Item #19

Closter school expansion again is at top of agenda

Wednesday, December 12, 2001

By RICHARD COWEN
Staff Writer

CLOSTER -- The Board of Education appears ready to break the political logjam over school expansion and now is moving to hold another ballot proposal for additional classroom space.

After two failed ballot questions and two years of political wrangling among parents and community activists hoping to solve crowding, school officials have put a third school bond proposal on the fast track.

The board is expected to sit down tonight and work out final details of a school expansion plan that trustees want to put before voters in March. On Monday night, the board is scheduled to hire its bond counsel to handle financing for the project.

At this point, the only sure component of the plan is additional classrooms at Hillside School to ease crowding. The future of Tenakill Middle School is less certain. Although new classrooms are needed, some school officials believe that moving the fifth grade to Hillside School would solve the problem.
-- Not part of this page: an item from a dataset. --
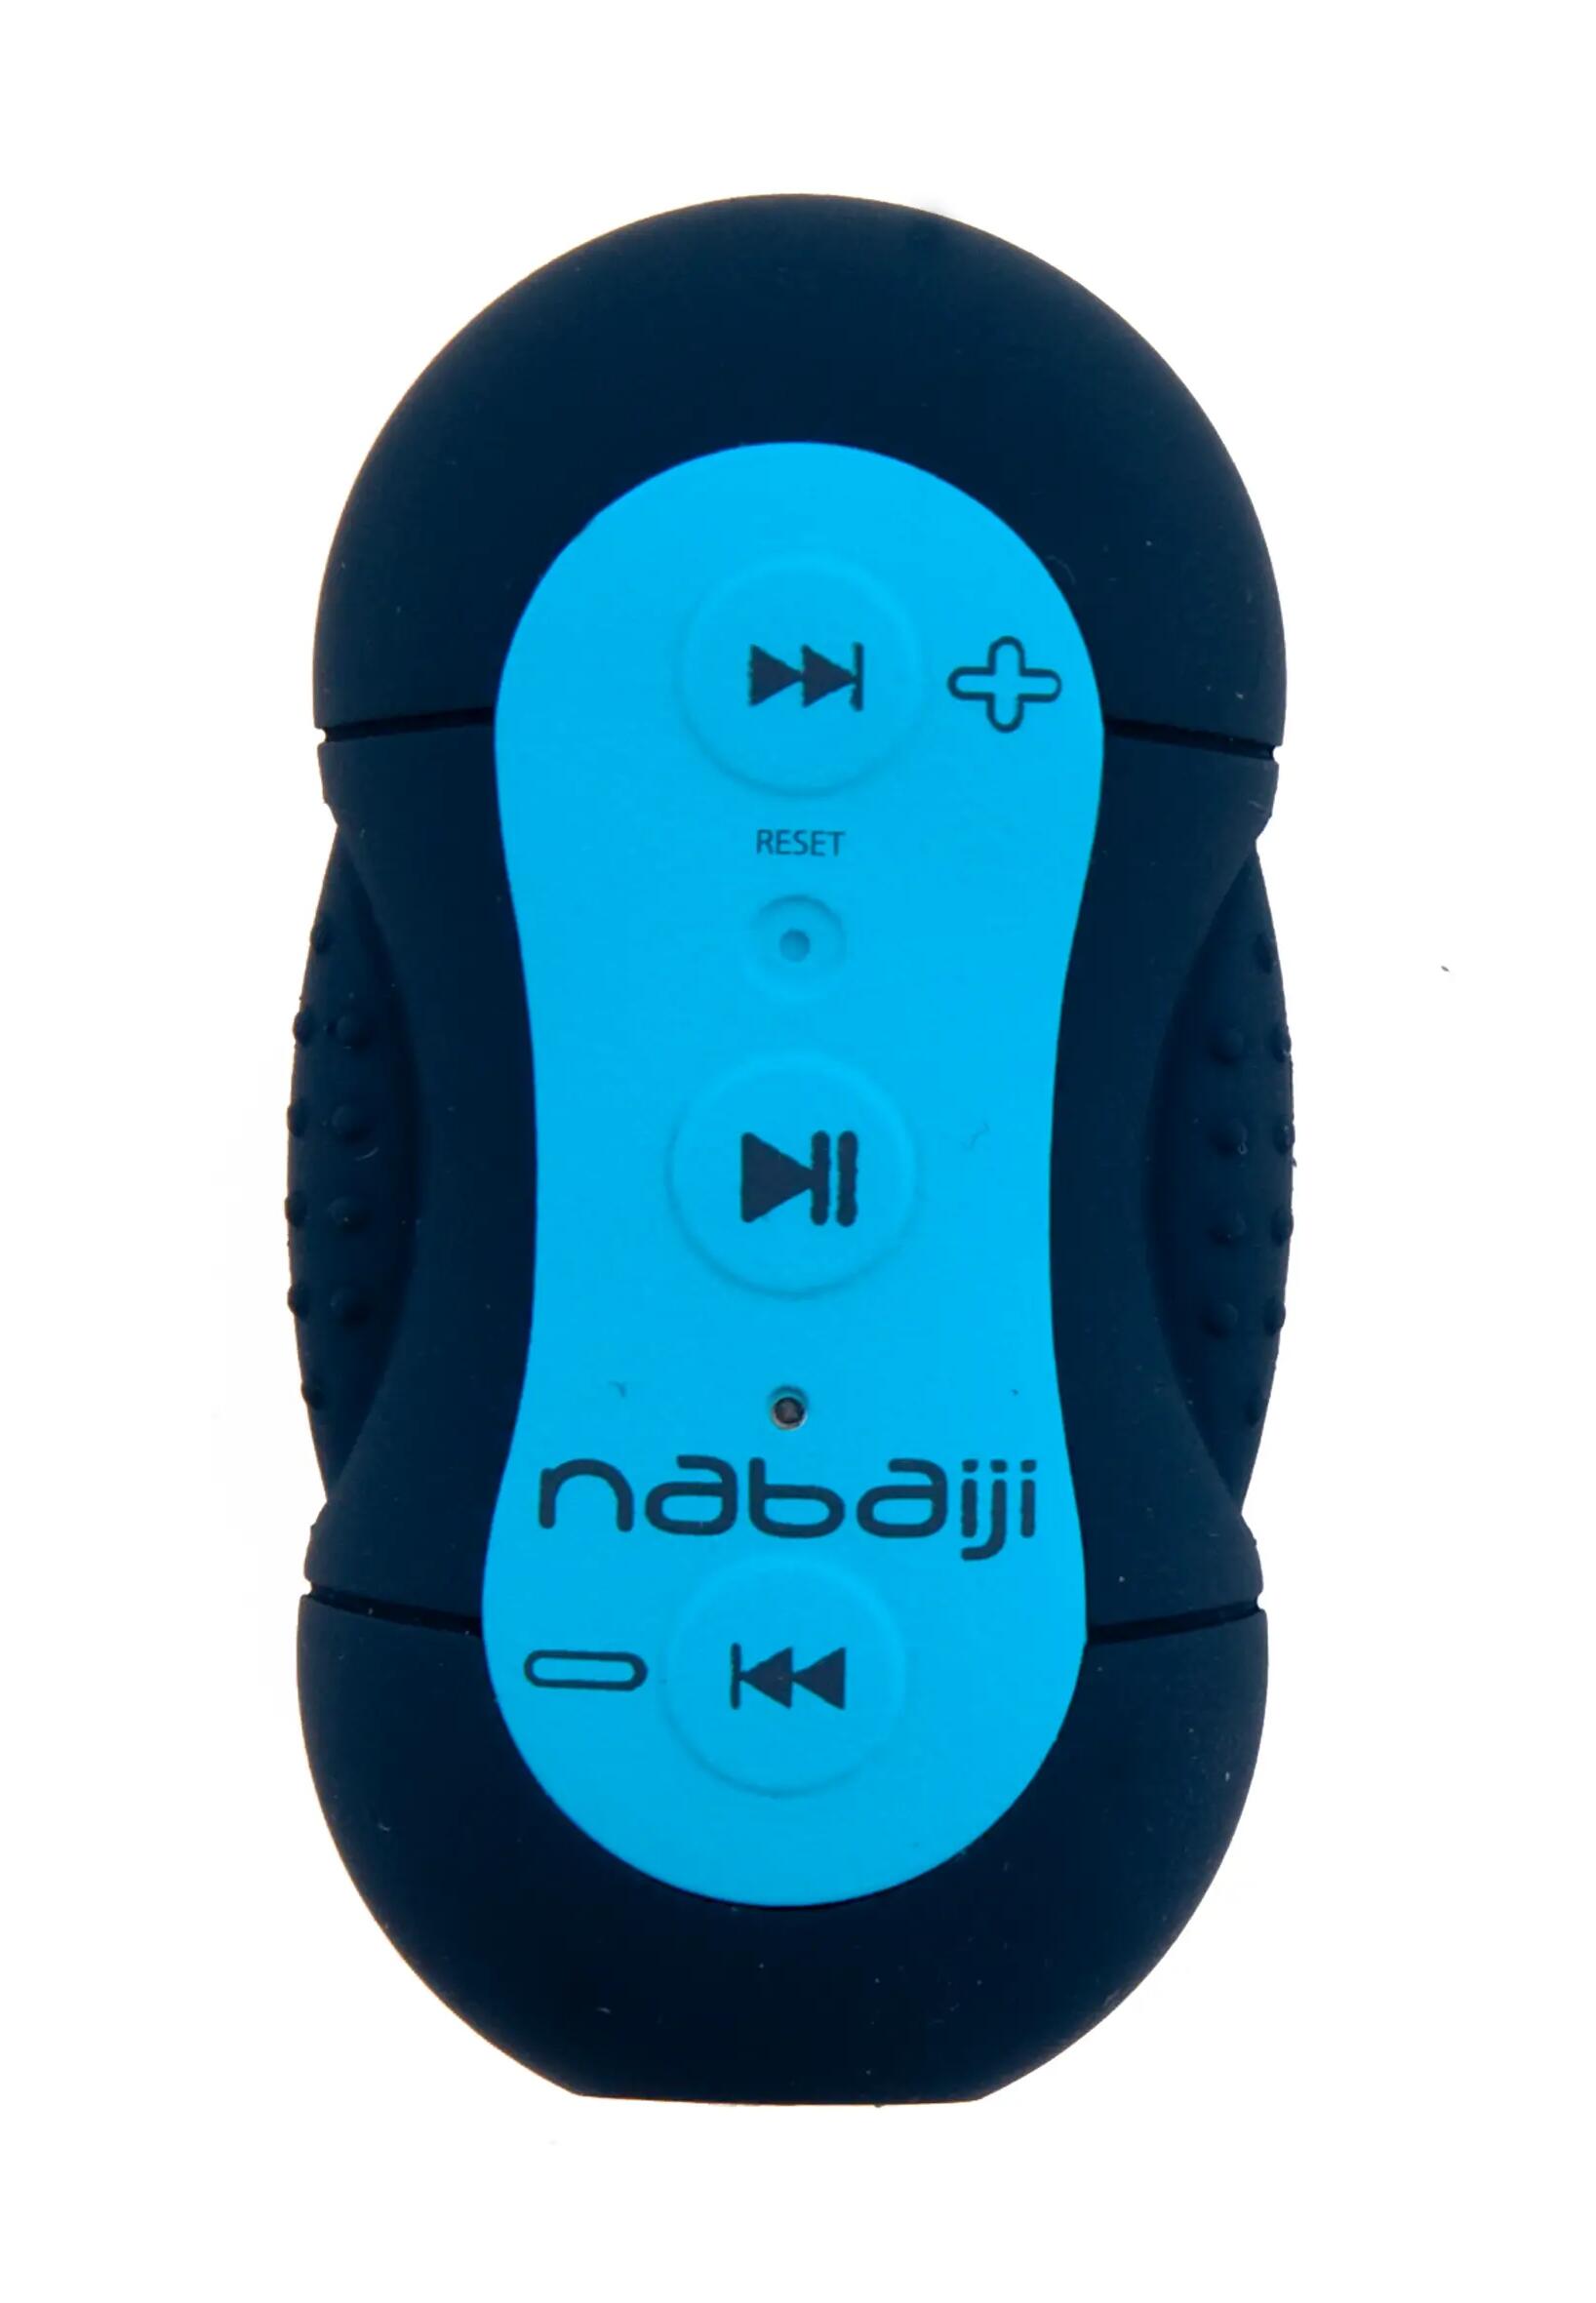 Nabaiji MP3 Delight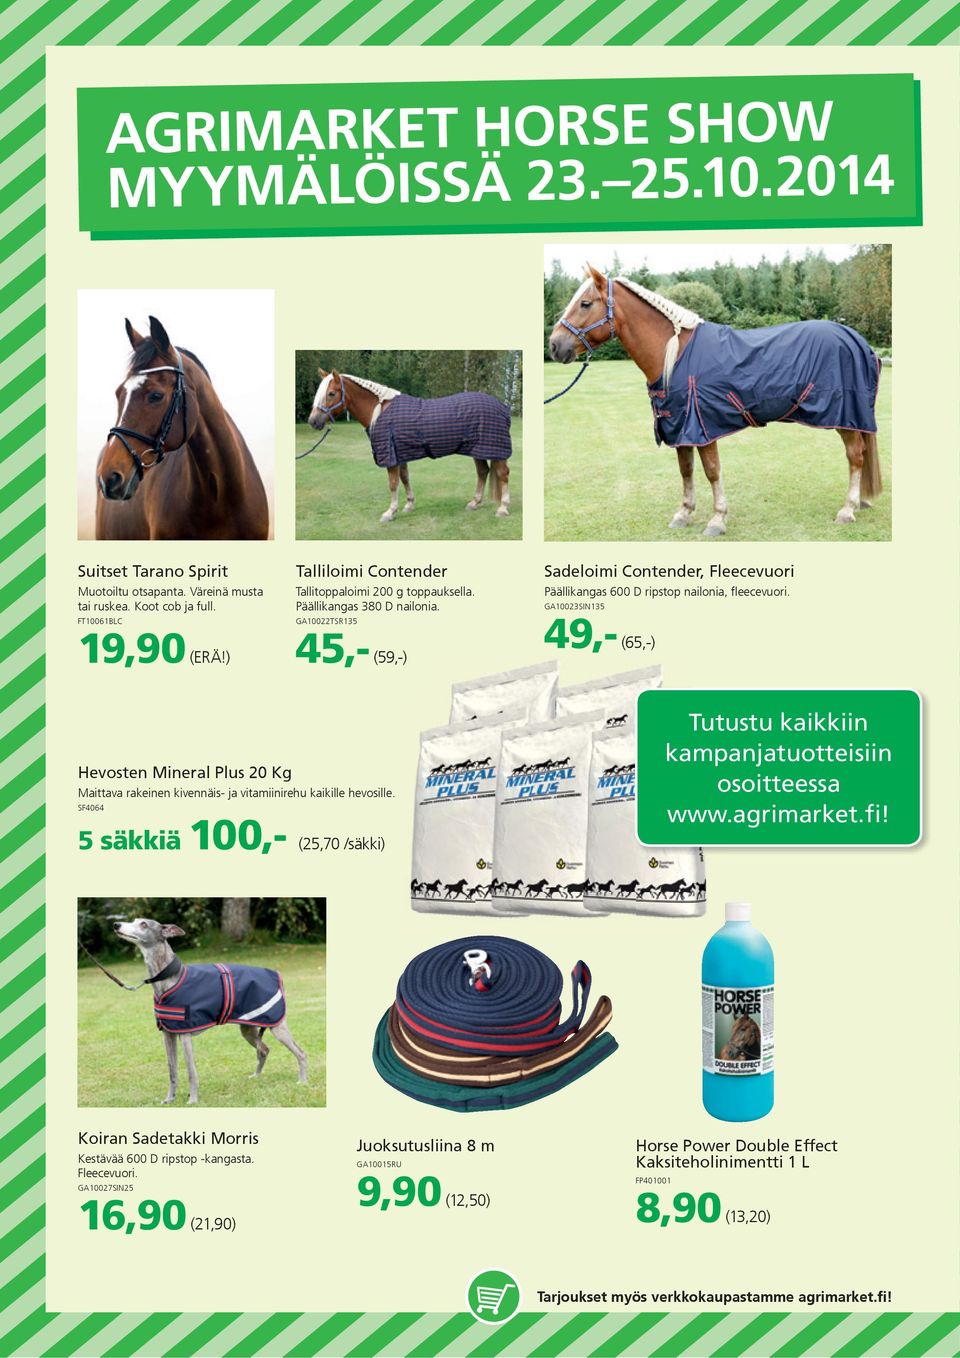 GA10023SIN135 49,- (65,-) Hevosten Mineral Plus 20 Kg Maittava rakeinen kivennäis- ja vitamiinirehu kaikille hevosille.

The price tag? That's not pinned down yet, either. But trustee Jesse Rosenblum said the board had planned to spend around $10 million -- nearly double the $5.8 million voters rejected in January 2000.

Adding classrooms to old buildings means the idea of a third school is dead. Over the summer, a citizens advisory committee was formed to consider either buying back the 102-year-old Village School, which was closed in 1996 and sold to a private developer, or building a new school on vacant land.

But renovating the Village School was estimated to cost upward of $15 million and deemed too expensive. And a new school fell through when the borough said land in Schauble Park was unavailable.

Now proponents of both options are lining up against the balloting, and that could make passage difficult.

Rosenblum said the board didn't look hard enough for vacant land. He said adding space to Hillside or Tenakill schools is just a Band-Aid approach. If enrollment reaches 1,400, as it did in 1968, the district will face another space crunch, he said.

Current enrollment is 1,130 students; projections put it at 1,250 within a few years.

And another resident, Joe Tait, said that Village School was a viable option -- and that board estimates of $15 million to renovate it were inflated. Tait said district attempts to reduce class size to 20 students were not financially feasible.

"It's just a shame that the board is not listening to the community and not listening to the taxpayers," Tait said.

School board President Bibi Hameed could not be reached for comment. Superintendent Jeffrey P. Feifer did not return calls seeking comment.